Вступление в царство бога-фаллоса может оказаться опасным предприятием, ибо ошибка бога может перевернуть человеческую личность и привести к одержимости — навязчивым и повторяющимся порывам страсти. Так солярная маскулинность эго предпринимает все меры предосторожности в отношении хтонического фаллоса, ибо фаллос сам по себе может привести к одержимости, требуя от эго безусловного поклонения, когда ничто не может сравниться с фаллическим удовлетворением от оргазма. Очевидно, это обстоятельство беспокоило Нойманна и привело его к концепции превращения "низшего" фаллоса в "высший" фаллос. Он стремился максимально увеличить дистанцию между мужским эго-сознанием и ненасытным аппетитом Великой Матери, которую наделил ответственностью за существование хтонического фаллоса. Это не обязательно так. Фаллос имеет свою собственную расщепленную личину: с одной стороны, — творческую, с другой — буйную и не знающую никаких границ. Фаллос приближается к своему наилучшему и наихудшему пределам, когда является тараном, дьявольским искушением экстатического оргазма, разрушающим защитные барьеры, сохраняющие в безопасности эго.
Возлагать на фаллос такую тяжкую ношу патологии имеет не больше смысла, чем возложить ее на женскую грудь. Будет ли кто-то из мужчин больше находиться на привязи у Великой Матери в силу избегания ее земного двойника, а кто-то меньше, поскольку не может без нее жить? Замерзнет ли кто-то из мужчин в объятиях Великой Матери, не дотянувшись до ее груди, а кто-то вырвется из ее пут, если ему все-таки удастся до нее дотянуться?
Я бы очень изумился, если проблема сексуального предпочтения могла найти свое разрешение в такой простой формуле: "Если мужчина испытывает больше потребности в отце, он является гомосексуалистом; если мужчина испытывает больше потребности в матери, он гетеросексуален; если испытывает потребность в обоих родителях, он бисексуален". Сила диктата, кого мужчине следует любить, — это теология, вывернутая наизнанку.
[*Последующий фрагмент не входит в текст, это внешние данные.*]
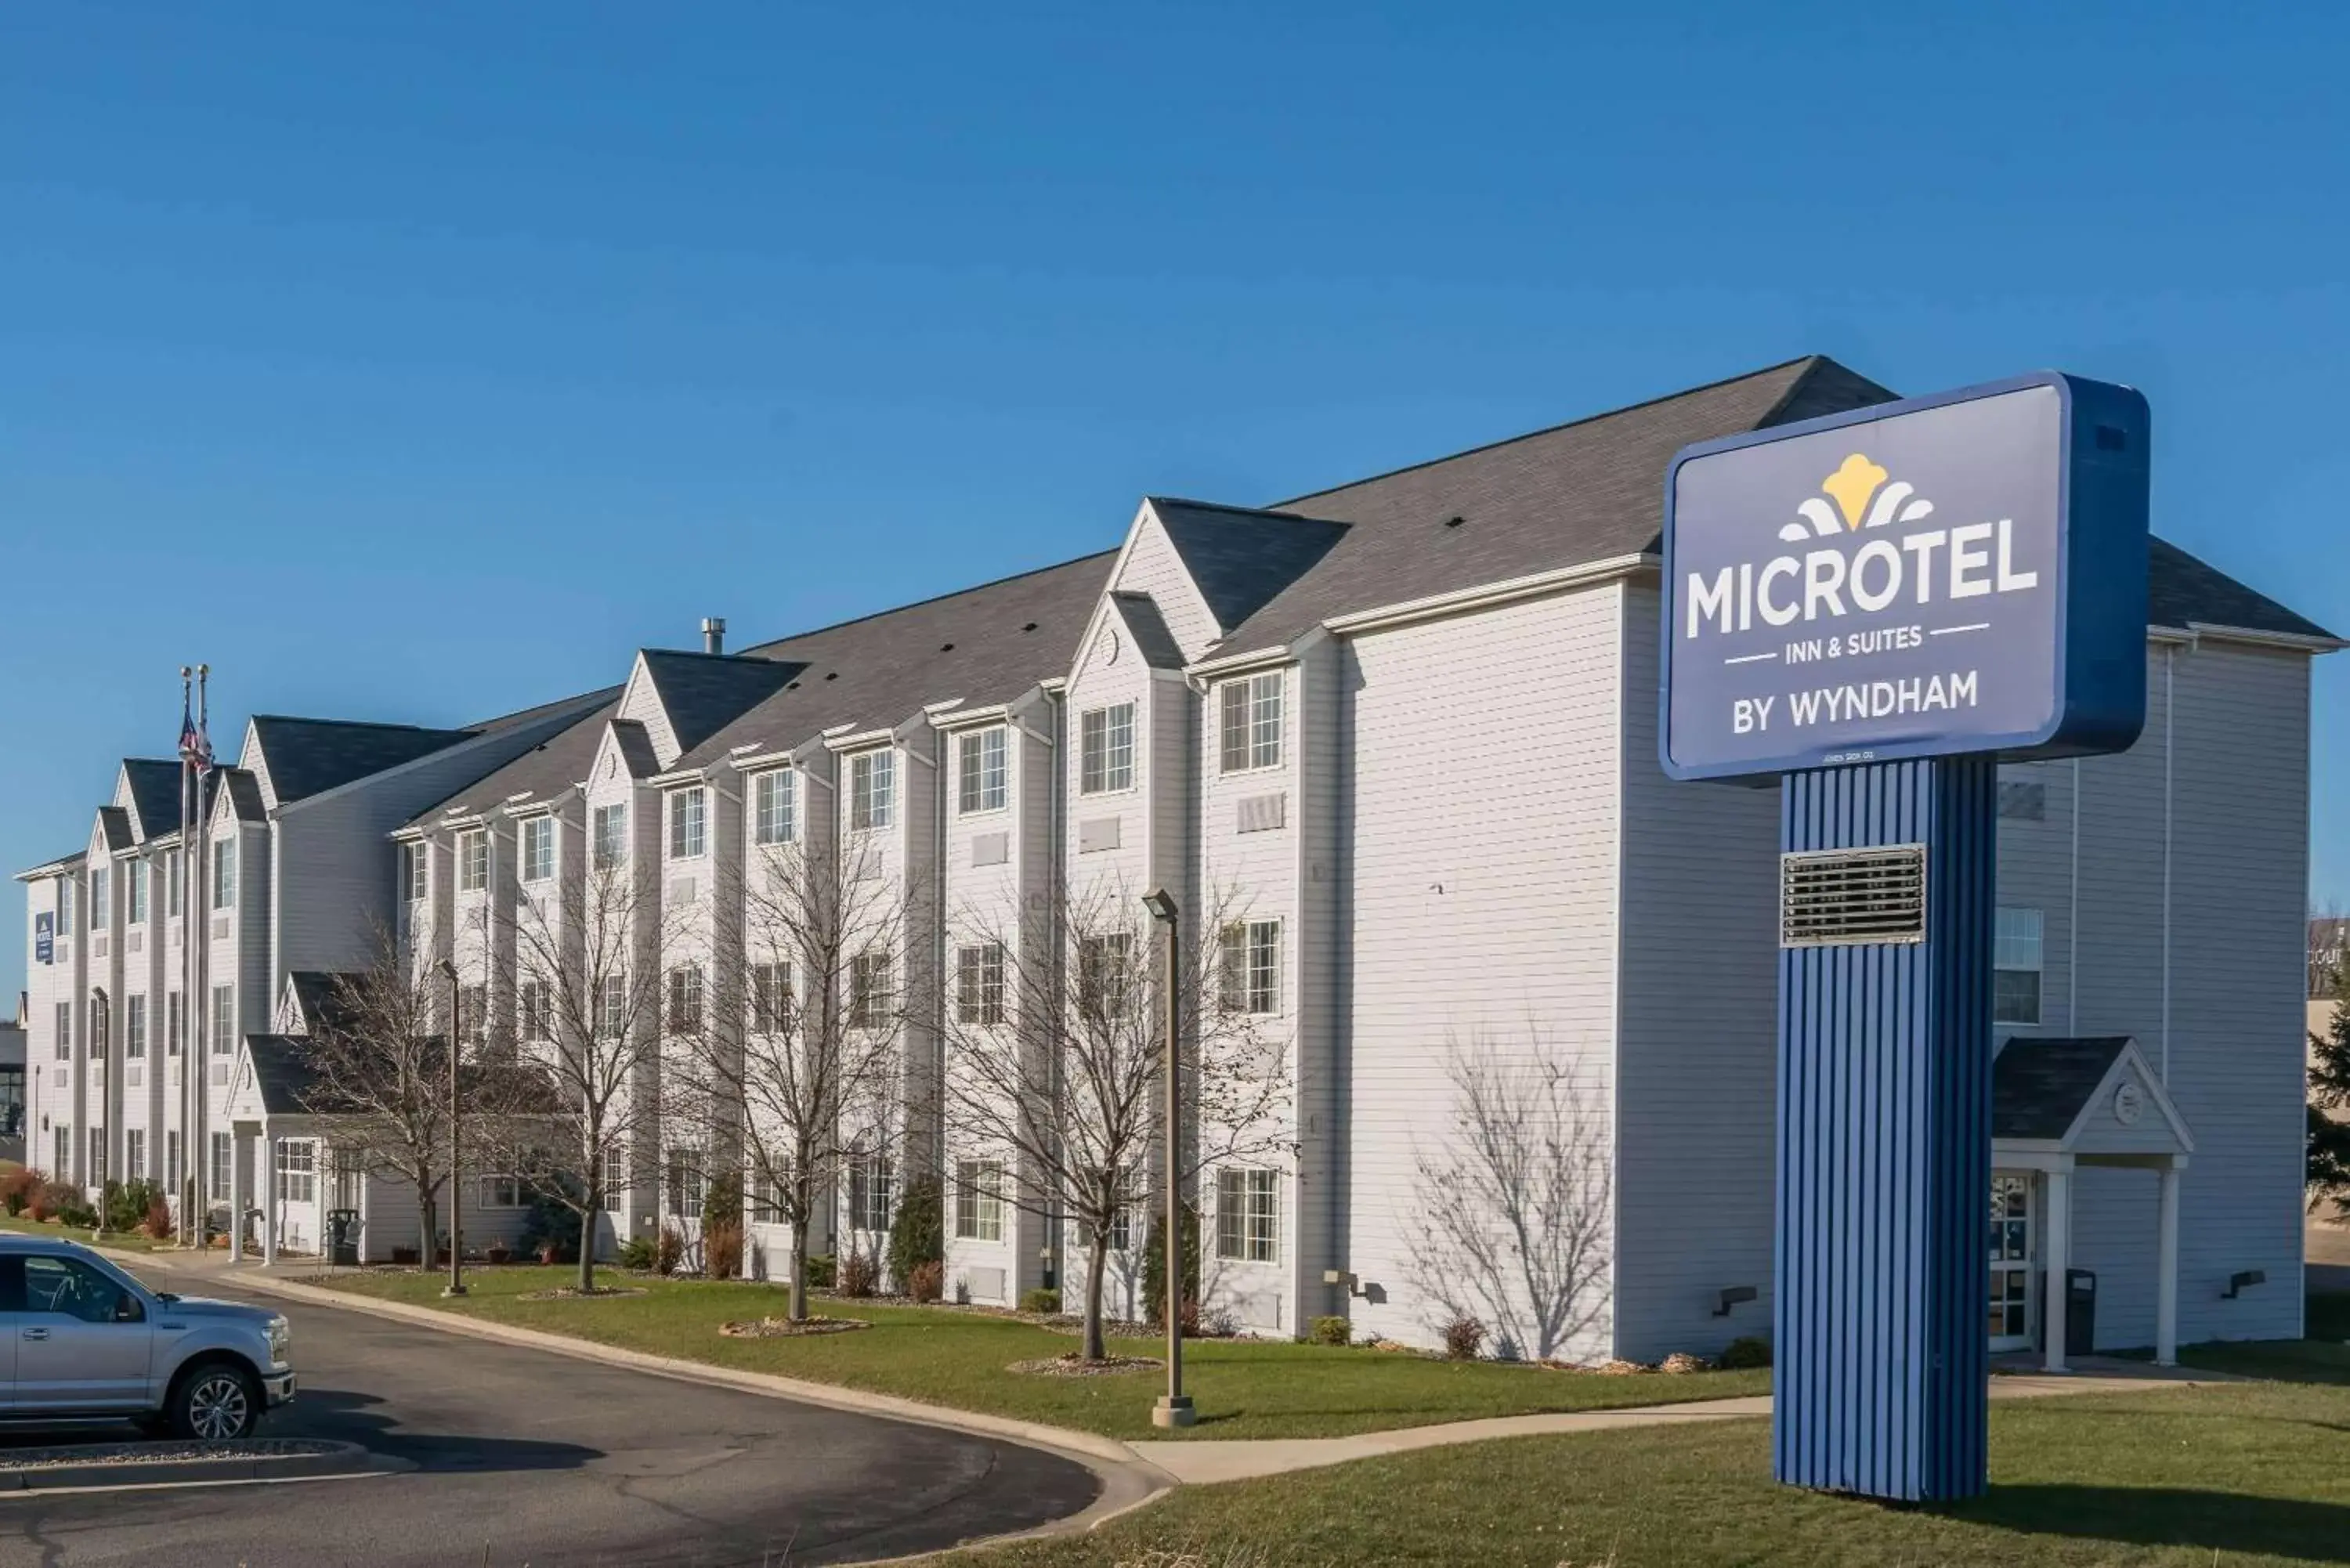 Property building in Microtel Inn & Suites by Wyndham Rochester North Mayo Clinic

Это психологическое дополнение монотеизма, находящееся в подчинении патриархального триумфаторства, требующего поклонения одному истинному патриархальному богу.
Однажды во время утомительной прогулки перед следующей аналитической сессией в Цюрихе случилось так, что я был погружен в разрешение этой проблемы: я решил, что никогда не пойду на сессию, обремененный патологическим желанием есть на завтрак вместо полноценных зерен кукурузные хлопья. Самосохранение и сохранение рода, еда и секс — это два основных биологически-архетипических инстинкта. Один из них занимает в терапии почти все время, пока имеет место такое нарушение. Другой требует огромного времени, независимо от того, есть ли нарушение или нет. Что-то неладно (в Датском Королевстве. — В.М.).
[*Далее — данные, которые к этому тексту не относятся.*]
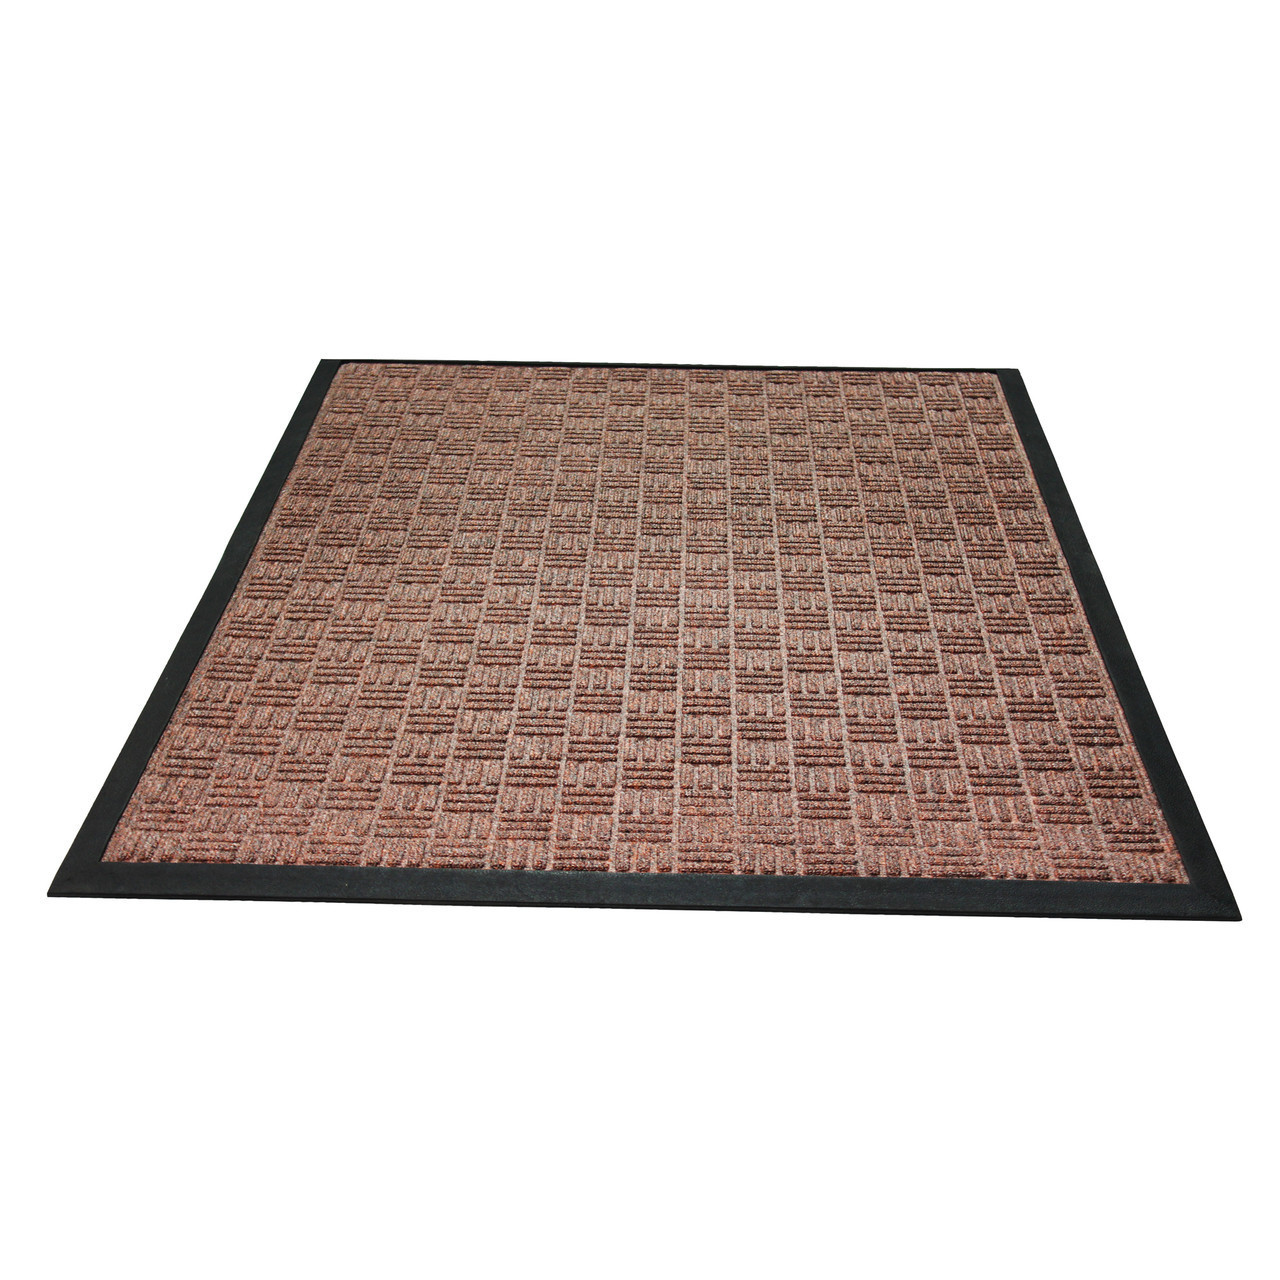 https://cdn11.bigcommerce.com/s-fjwps1jbkv/images/stencil/1280x1280/products/346/3737/ultralux-premium-indoor-outdoor-entrance-mat-or-absorbent-strong-anti-slip-entry-rug-heavy-duty-doormat-or-brown__30289.1688994511.jpg?c=2?imbypass=on

Анимус: фаллическая энергия женщины
В этой книге рассматриваются основы мужской психологии. Однако необходимо сказать несколько слов о том, как может появиться фаллос в женской психологии. Ни один архетип, независимо от его полоролевой идентичности, не становится исключительным переживанием, присущим тому или иному полу. Несмотря на то, что тело говорит нам, что мы являемся мужчинами или женщинами и не стоит усложнять жизнь, происходящие в психике процессы оказываются намного сложнее. И такое усложнение делает ситуацию куда интереснее. Скажу больше: так как на маскулинность накладываются высшие патриархальные ценности, женщины могут считать это непростое обстоятельство неким даром, хотя мужчин оно может обескураживать.
Мои наблюдения, конечно же, исходят из контекста, в основе которого лежит мужская точка зрения; их ни в коем случае нельзя назвать аутентичными в смысле непосредственного женского переживания. Тем не менее их можно рассматривать как дополнение ко всему, о чем говорилось выше, для получения максимальной полноты картины. Они ни в коем случае не являются определяющими или даже правильными по своей сути. В психологии всегда наилучшим критерием является опыт.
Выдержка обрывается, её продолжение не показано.